British company Jaguar Land Rover, known as JLR, is developing a hydrogen fuel cell car based on the chassis of the new Defender SUV, and plans to start testing the prototype next year .
The prototype programmer, called Project Zeus, is part of the company’s larger goal of producing zero-carbon cars by 2036. Read also By the hour or the day.. Volkswagen expects to pay a subscription to use your car instead of buying it in the future It probably won’t work… Bill Gates raises controversy again with statements about electric trucks شاحنات After questioning its ability, Musk: Gates has no idea about electric trucks Charge your electric cars to 90% in 6 minutes
GLR also hopes to reach net-zero carbon emissions across its supply chain, products and processes by 2039. Both goals are part of a “re imagining” strategy announced last February when the company revealed it would build all-electric cars starting in 2025. .
The company has launched Project Zeus with partial funding from the UK government-backed Advanced Propulsion Centre, and the initiative will give GLR engineers the information they need to be able to improve their hydrogen generation set. The hope is to develop hydrogen fuel cell vehicles that can deliver the same performance and capability – when it comes to range, off-road capability and even towing – as their conventional counterparts.
“We know that hydrogen plays a role in the future powertrain mix across the entire transportation industry, and along with battery electric vehicles, it provides another solution to exhaust emissions,” Ralf Klegg, head of electronic fuel cell vehicles, Jaguar Land Rover, said in a statement.
Jaguar Land Rover has not revealed a timetable for the public release of the fuel-cell Defender, and will begin a series of tests during 2021 to verify key features, including off-road capability and fuel consumption.
Electronic fuel cells combine hydrogen and oxygen to produce electricity without combustion. Hydrogen-generated electricity is used to power an electric motor.

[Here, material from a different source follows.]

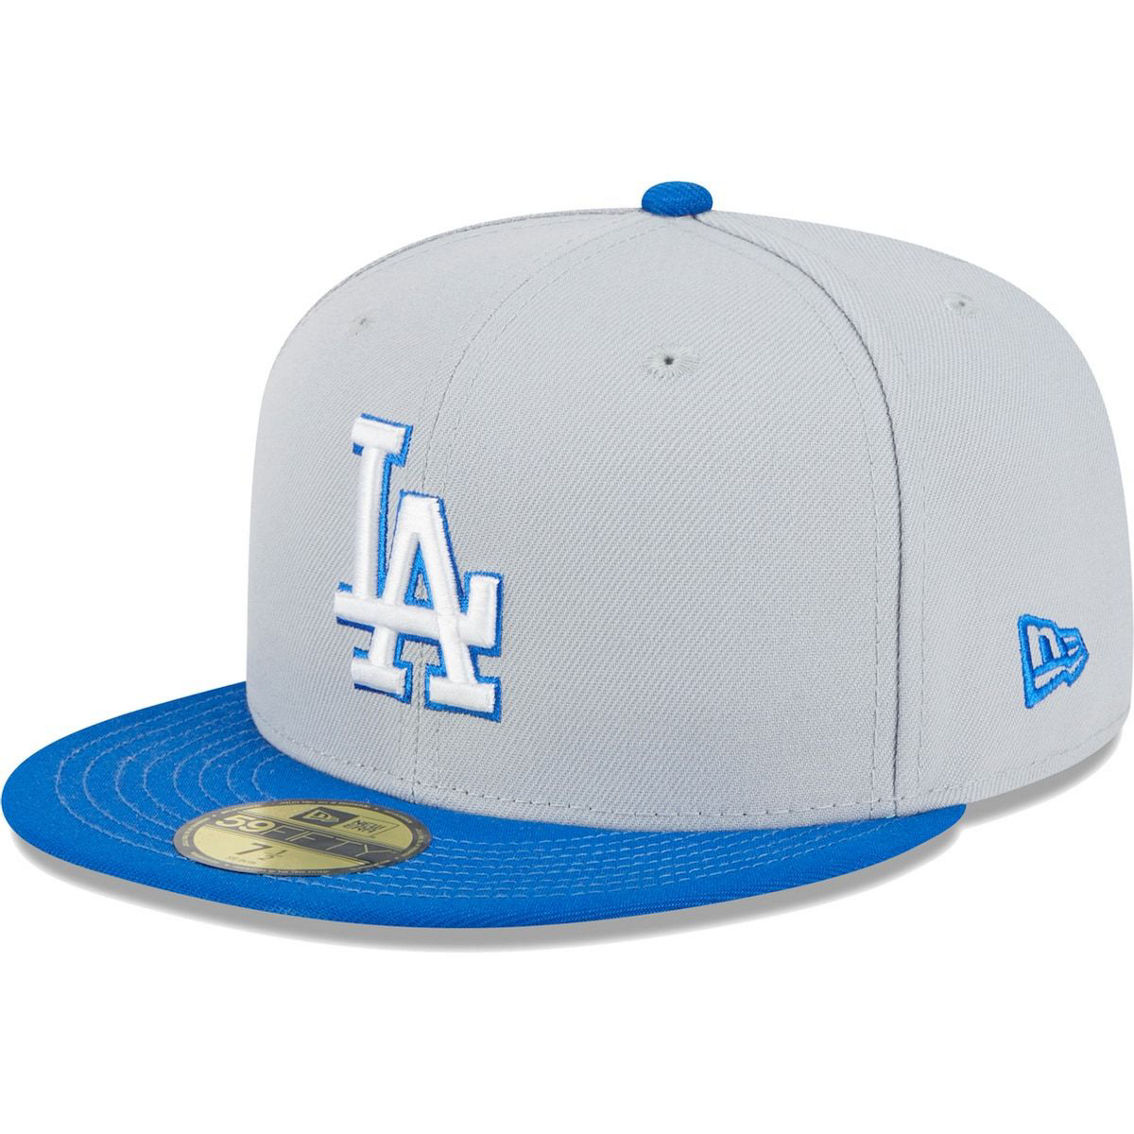 New Era Men's Gray/Blue Los Angeles Dodgers Dolphin 59FIFTY Fitted Hat - Image 4 of 4
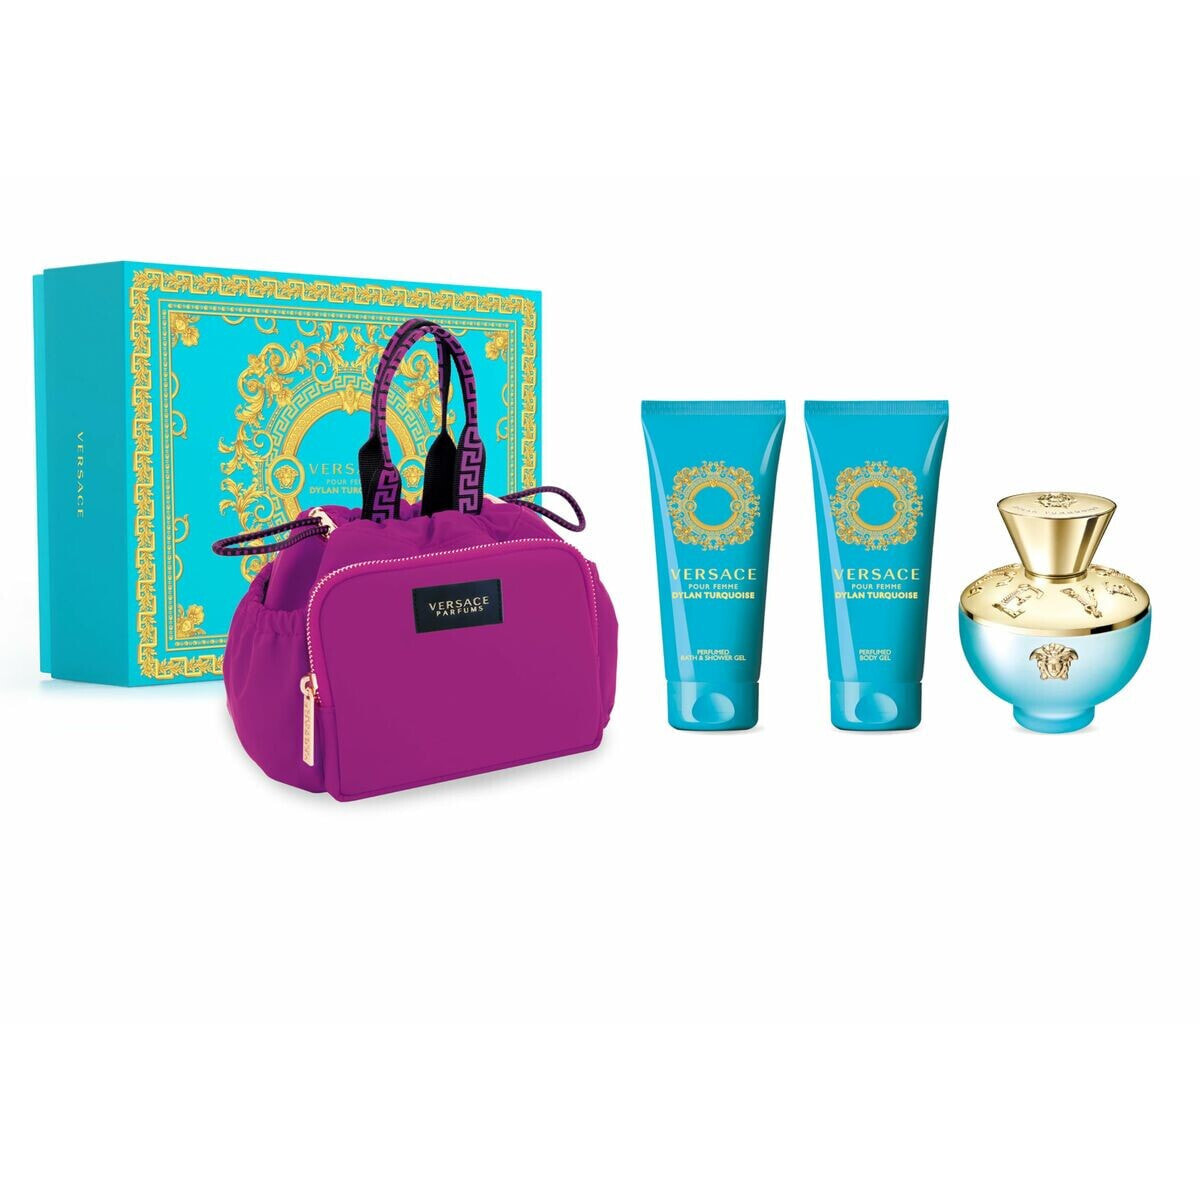 Women's Perfume Set Versace EDT Dylan Turquoise 4 Pieces

Some automakers, researchers, and policymakers have advocated the technology because hydrogen-powered fuel cell electric vehicles (FCEVs) can be refueled quickly, have high energy density and do not lose much range in cold temperatures. It is also among the group of electric vehicles that can travel longer distances.
Electronic fuel cells can power a vehicle by combining hydrogen and oxygen to produce electricity, with only water emitted as emissions. Jaguar explains that fuel cells enable rapid refueling and have a high energy density, making them ideal for larger, longer-range vehicles. In addition, fuel cell vehicles perform well in cold environments, as they operate with minimal energy loss at low temperatures.
Few electronic fuel cell electric vehicles are on the market today, but at a low level due to the lack of refueling stations. Toyota Mirai is one example.
Data from the International Energy Agency and recent commitments to automakers suggest this could change. Last month, BMW Chairman Oliver Zipse reported that there are plans to produce a small number of electronic fuel cell SUVs, the X5, next year.
The number of electronic fuel cell vehicles in the world nearly doubled to 25,210 units in 2019 compared to the previous year, according to the latest data from the International Energy Agency. The United States led the way in sales, despite a decline in 2019, followed by China, Japan and Korea.
Japan has pioneered infrastructure projects aiming to have 200,000 electronic fuel cell vehicles on the road by 2025. The country has installed 113 charging stations as of 2019, nearly double the United States.